We opt for a map of ids to states because we assume that there will be many more transactions than clients. While inserting into a does incur expensive inserts when map needs to be resized, the grouping provided by a map enables fast transaction associations.

The client state is composed out of several properties:

  • a flag is_frozen which is set to true upon disputed followed by a charge back and causes the engine to ignore any further deposits or withdraws;
  • a hash set disputes which tracks currently disputed tx ids;
  • a hash map deposits which associates tx id with deposited amounts;
  • an integer available which tracks currently available funds;
  • an integer held which tracks currently disputed funds.

Key points:

  • Withdrawals over available amount are skipped.
  • Final amount of available funds can be lower than 0 (see test asset 4.)
  • Clients hash map memory grows only with deposit txs, 12 bytes per deposit tx. The disputes are assumed to be rare and withdrawals don't project into memory footprint.

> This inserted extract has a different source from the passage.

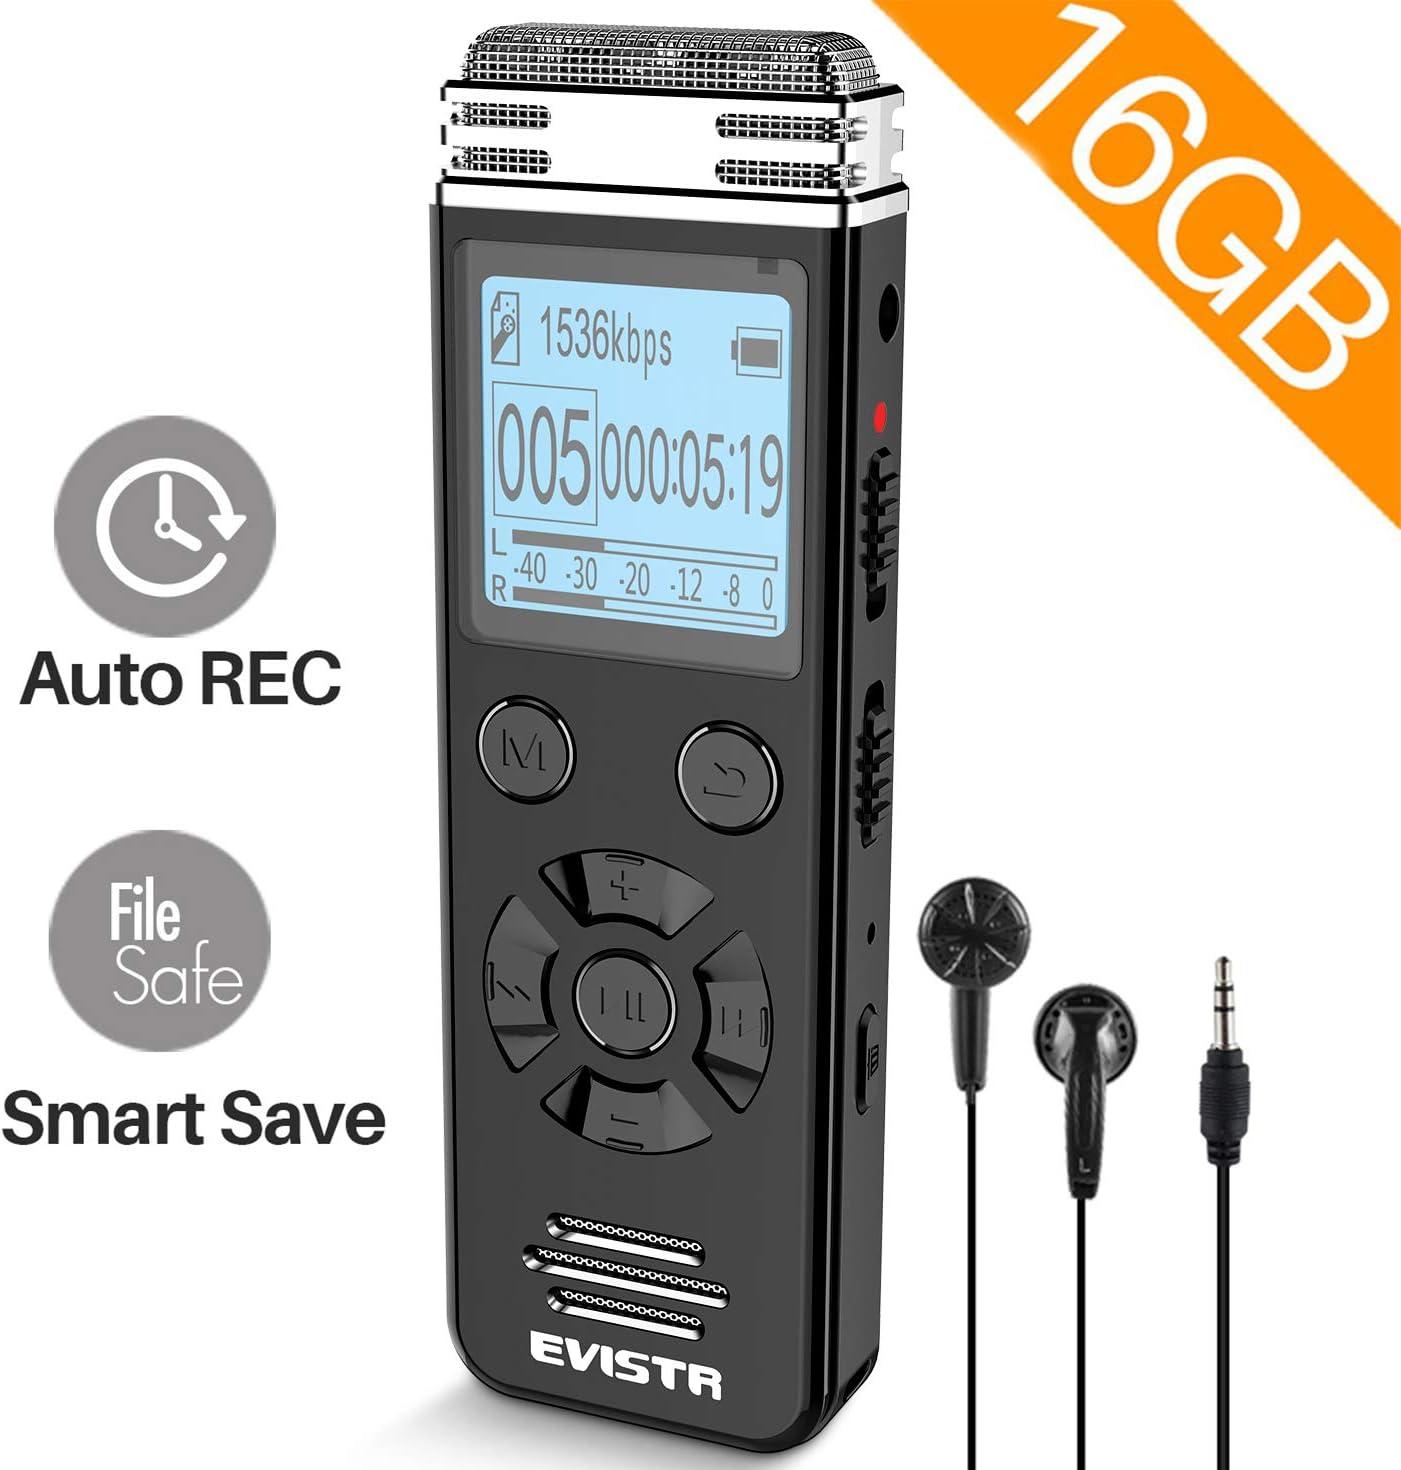 Evistr V508 16Gb Digital Voice Recorder
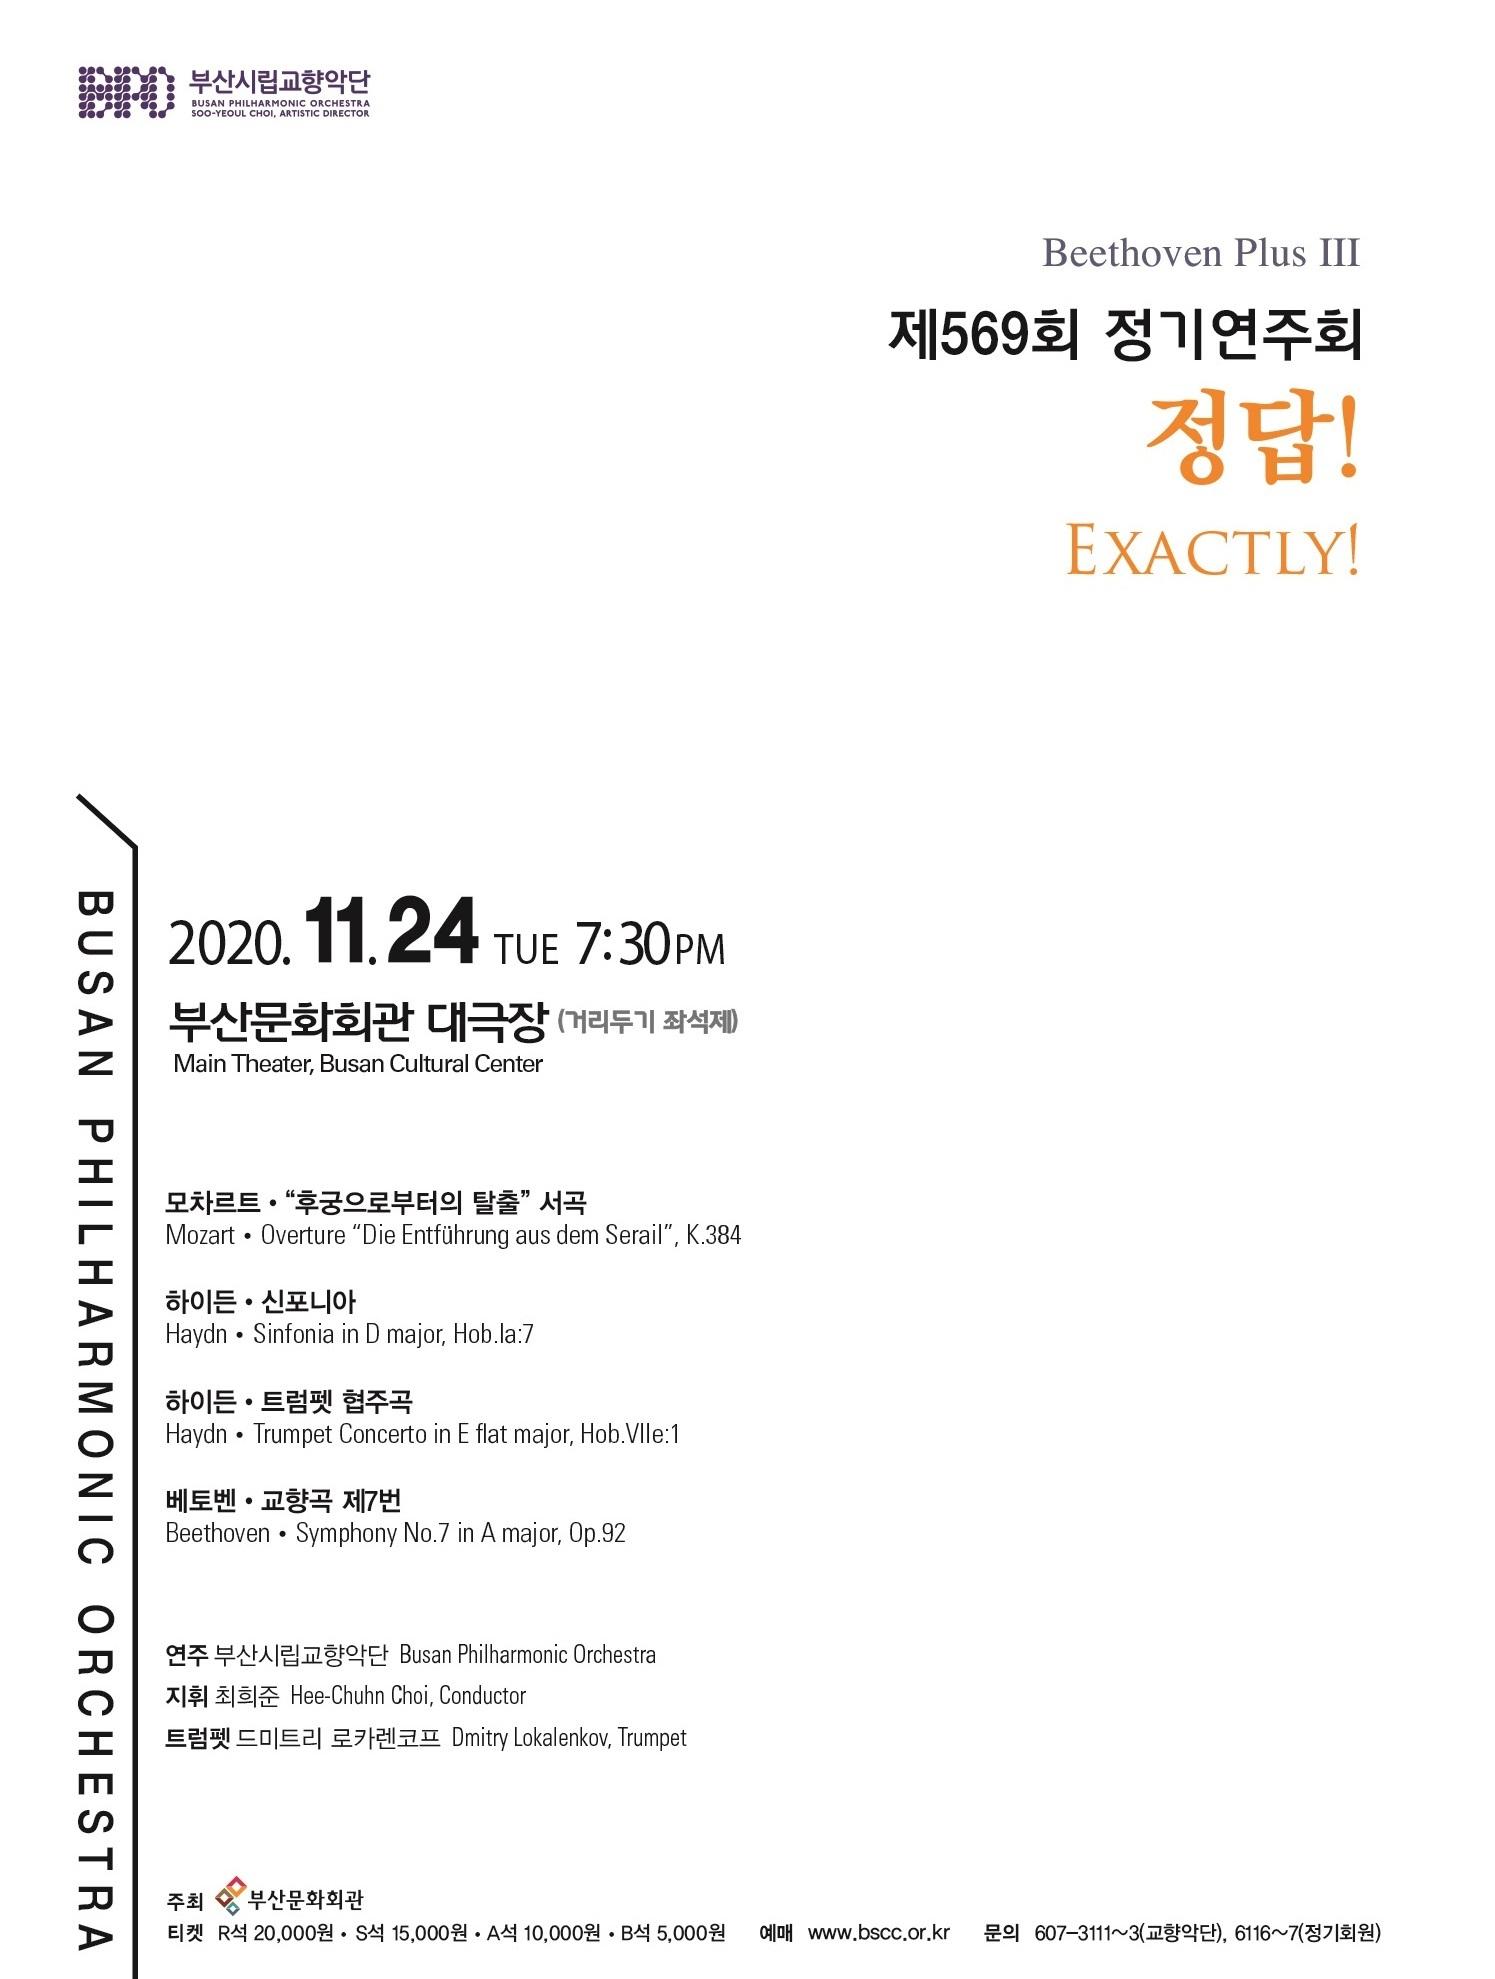 부산시립교향악단 제569회 정기연주회 ˝정답!˝

Parallelization can be achieved for example by

  • spawning a single thread which owns the client's hash map and consumes a channel over which producers batch txs;
  • rw-locking client state and using concurrent hash map for client states. Then an atomic reference counter can be given out to producers who load txs and update global state.

Some edge cases (see Client::process_transaction for a deeper understanding):

  • Only deposit tx can be disputed, resolved or charged back. Txs which try to change the state of withdrawal txs are ignored.
  • Once charged back, a deposit tx cannot go back to disputed or resolved. If a sequence of txs that leads to this scenario occurs, we ignore tx so that charge back is a final state of any tx.
  • If a math overflow is encountered at any point, we abort.
  • We are gracious with empty rows, however if we come across a malformed input in a row with expected length, we abort.
  • If we encounter duplicate deposit tx id, we skip it. We don't track withdrawals, so duplicate withdrawal tx id will be counted twice.
  • Once a client is frozen we ignore all further deposits and withdrawals, but disputes are still possible.
  • Once charged back, a deposit tx cannot be disputed again.

Commands

This binary has been tested on a 64bit linux distro with rustc 1.61.

Run the test suite with ./bin/test.sh or just unit tests with cargo test.

A prerequisite for code coverage tool is rustc 1.61 and following dependencies:

$ cargo install grcov
$ rustup component add llvm-tools-preview

Then run ./bin/codecov.sh and see the target/debug/coverage/index.html.